Supplied material
····················
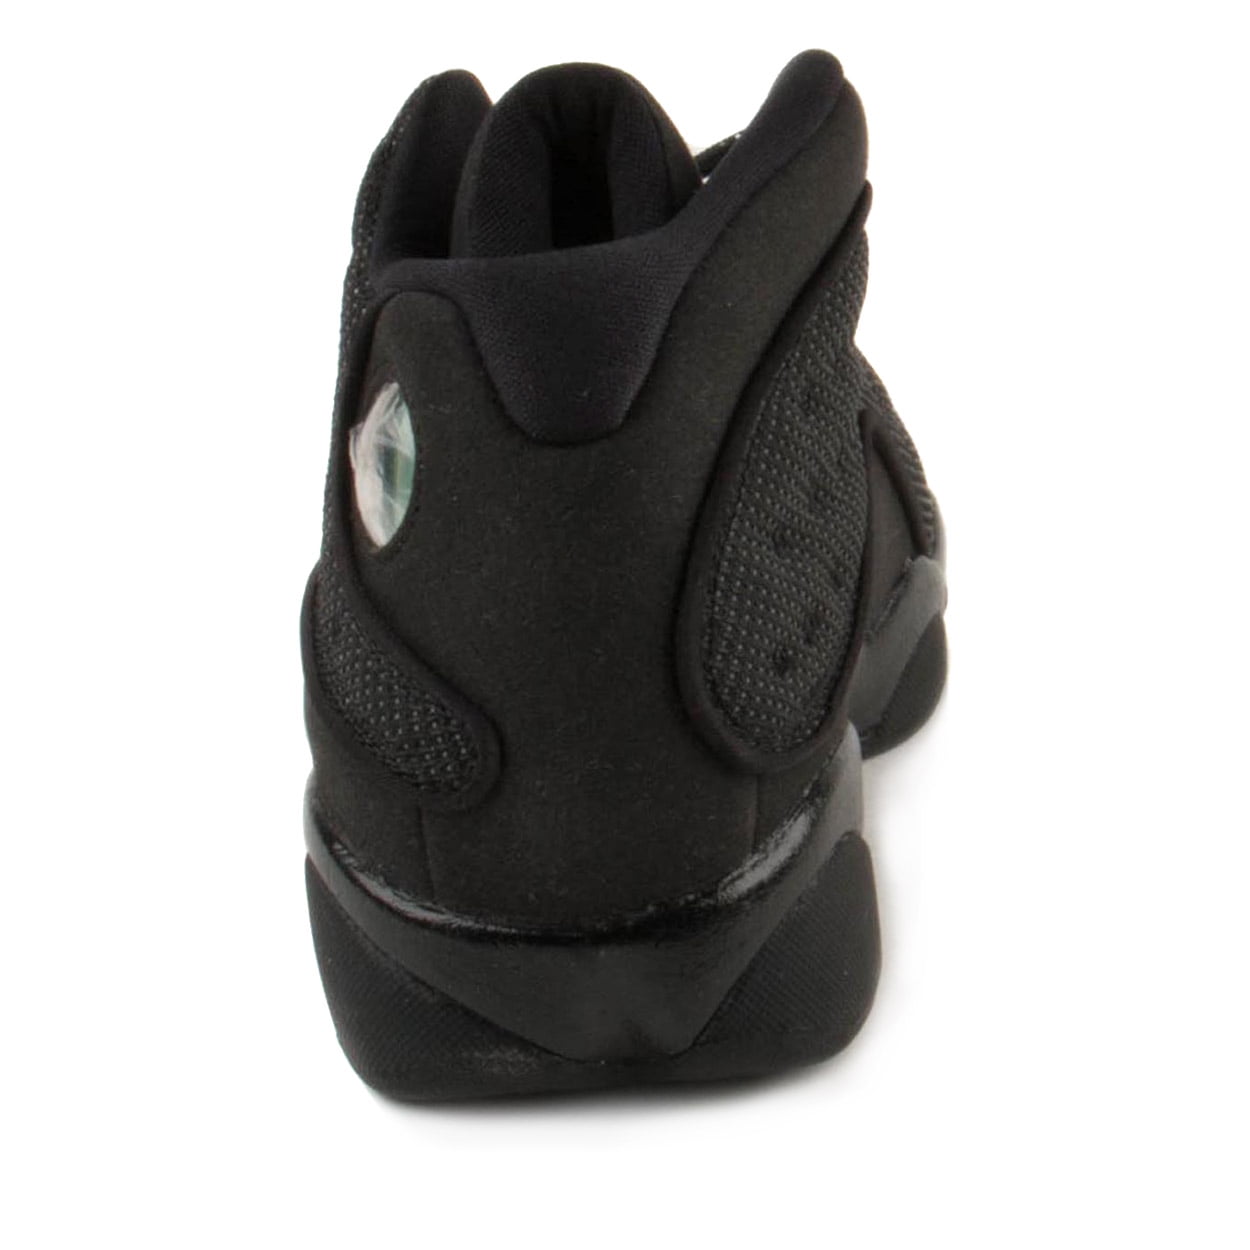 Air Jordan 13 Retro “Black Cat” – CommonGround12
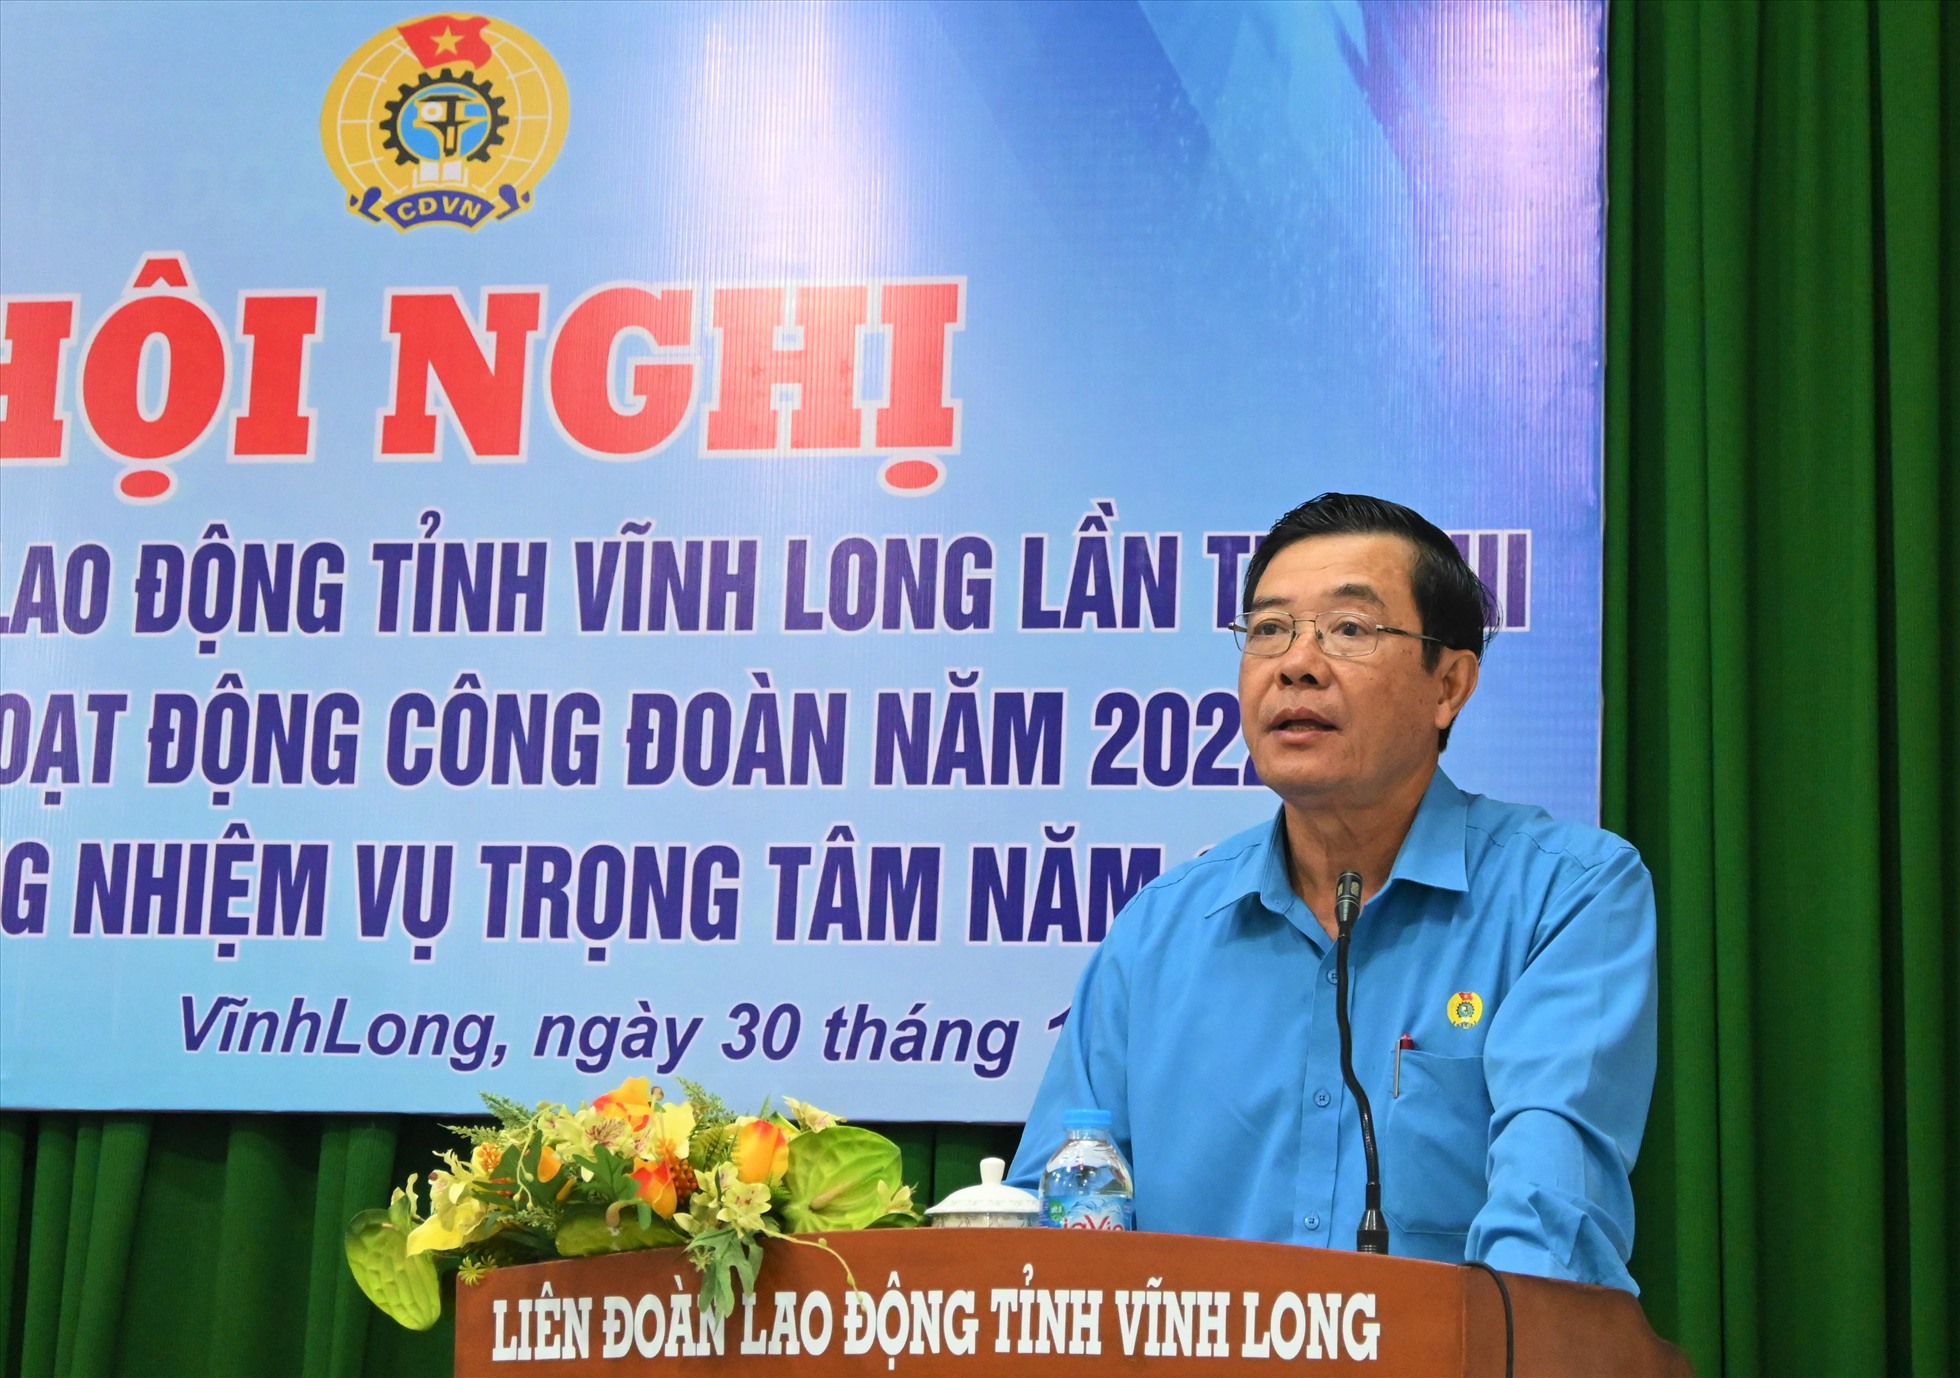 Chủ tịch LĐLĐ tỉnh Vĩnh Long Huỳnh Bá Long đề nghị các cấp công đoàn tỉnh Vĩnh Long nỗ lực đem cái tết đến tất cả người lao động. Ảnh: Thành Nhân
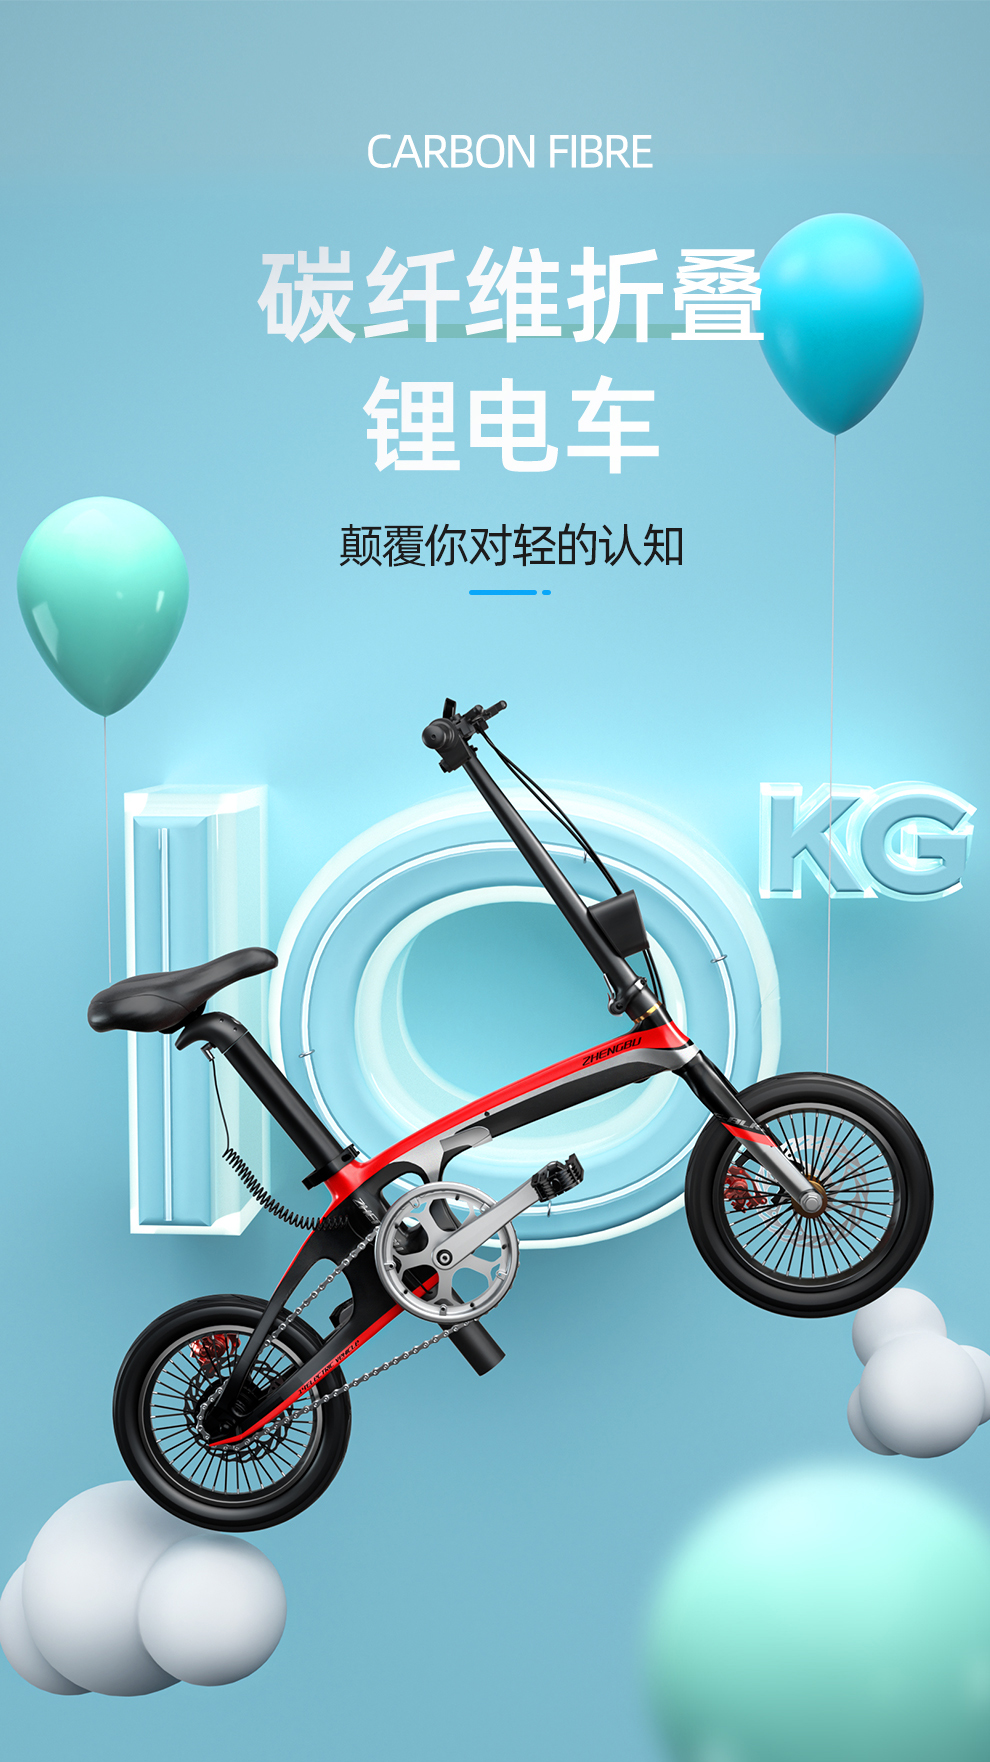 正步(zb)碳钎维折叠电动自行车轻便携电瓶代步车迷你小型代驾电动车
····················
To do
Leaving the pictures out, give back each line above exactly.

Expected output
 Air Jordan 13 Retro “Black Cat” – CommonGround12
 Chủ tịch LĐLĐ tỉnh Vĩnh Long Huỳnh Bá Long đề nghị các cấp công đoàn tỉnh Vĩnh Long nỗ lực đem cái tết đến tất cả người lao động. Ảnh: Thành Nhân
 正步(zb)碳钎维折叠电动自行车轻便携电瓶代步车迷你小型代驾电动车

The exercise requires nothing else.